Outra atividade importante para a mediação dos conflitos e a viabilização do projeto da CDHU foi a difusão de informações em reuniões realizadas nos núcleos para esclarecimentos sobre o andamento das obras. Além disso, a equipe técnica social, sempre que considerou necessário, realizou visitas domiciliares atendendo aos objetivos da CDHU, mas, também, na tentativa de resolução de problemas que iam surgindo no cotidiano dos moradores.

Com isso, entendemos haver uma contradição entre os preceitos do trabalho técnico social idealizado pelo Ministério das Cidades e a sua prática realizada pela Companhia. Por mais que os técnicos tivessem intenções de contribuir na construção de autonomia das famílias e de participação nas lutas por seus direitos, o trabalho principal era realizar ações que respaldassem a concretização e sustentabilidade do projeto urbanístico da Companhia para a qual trabalhavam.

Do ponto de vista social, entendemos que para a viabilização do projeto outro fato foi fundamental. Referimo-nos à participação das associações de moradores, que através de suas representantes acompanharam as atividades sociais e cobravam da Companhia a qualidade dos serviços realizados e, ao mesmo tempo, ajudaram a CDHU, convencendo os moradores a aderir ao projeto governamental, dando suporte para a sua manutenção.

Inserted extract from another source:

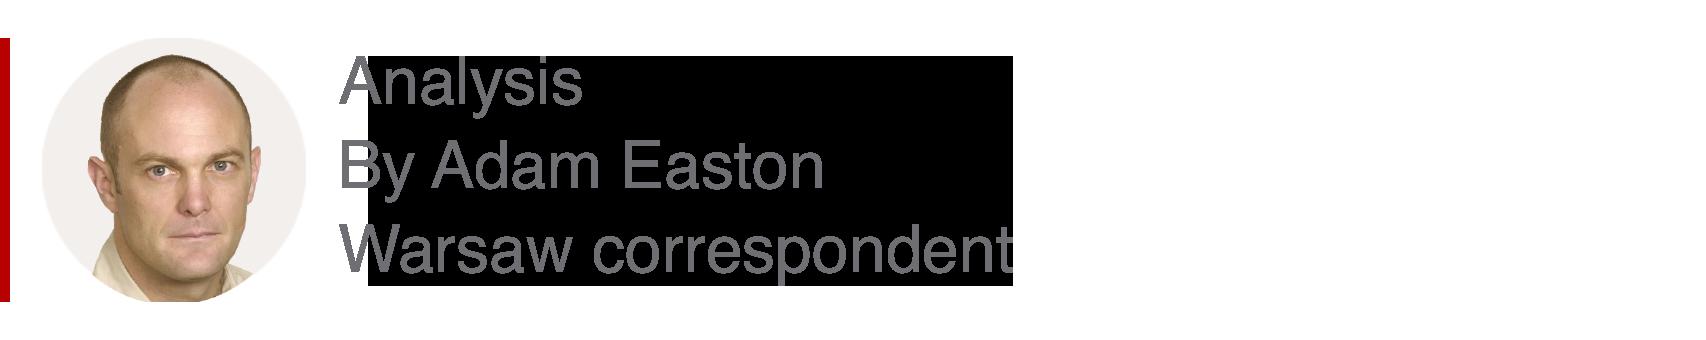 Analysis box by Adam Easton, Warsaw correspondent
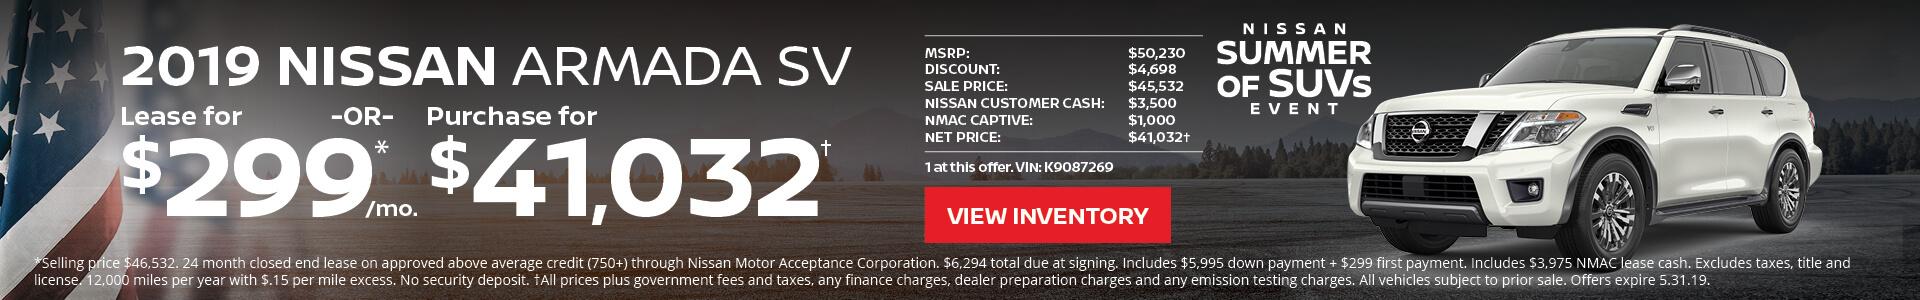 Nissan Armanda $299 Lease

Neste sentido, ocorreram conflitos relacionados à colaboração das associações de moradores com o poder público. Foram situações que fizeram com que a luta social perdesse sua autonomia, com a cooptação, de alguma forma, de integrantes das associações pelo poder público, possibilitando a “pacificação” e a articulação de ações visando a realização de projetos de acordo com interesses governamentais.

Analisando esta possibilidade de aparelhamento das associações, Bega dos Santos ressalta a importância de se trabalhar com o poder público, mantendo o

distanciamento adequado para que as associações comunitárias não percam a autonomia conquistada e as experiências das lutas sociais do passado. Nos dias de hoje, “procura-se relativizar o conceito de autonomia, no sentido de, avançar nas conquistas, saber distinguir o limite entre ‘compactuar’ e ‘atuar’ conjuntamente de forma crítica”. (2008, p.150)

Neste sentido, existem dilemas neste processo, a referida autora destaca que é muito difícil a construção de um espaço político como espaço público que não seja dissolvido e absorvido pelo Estado, tal como tem acontecido na história brasileira. Entendemos que estas contradições estiveram presentes, durante as ações desencadeadas no cotidiano das obras de urbanização pela Companhia e pelas associações de moradores.

Em anexo I, segue documentação fotográfica de algumas ações realizadas através do trabalho técnico social.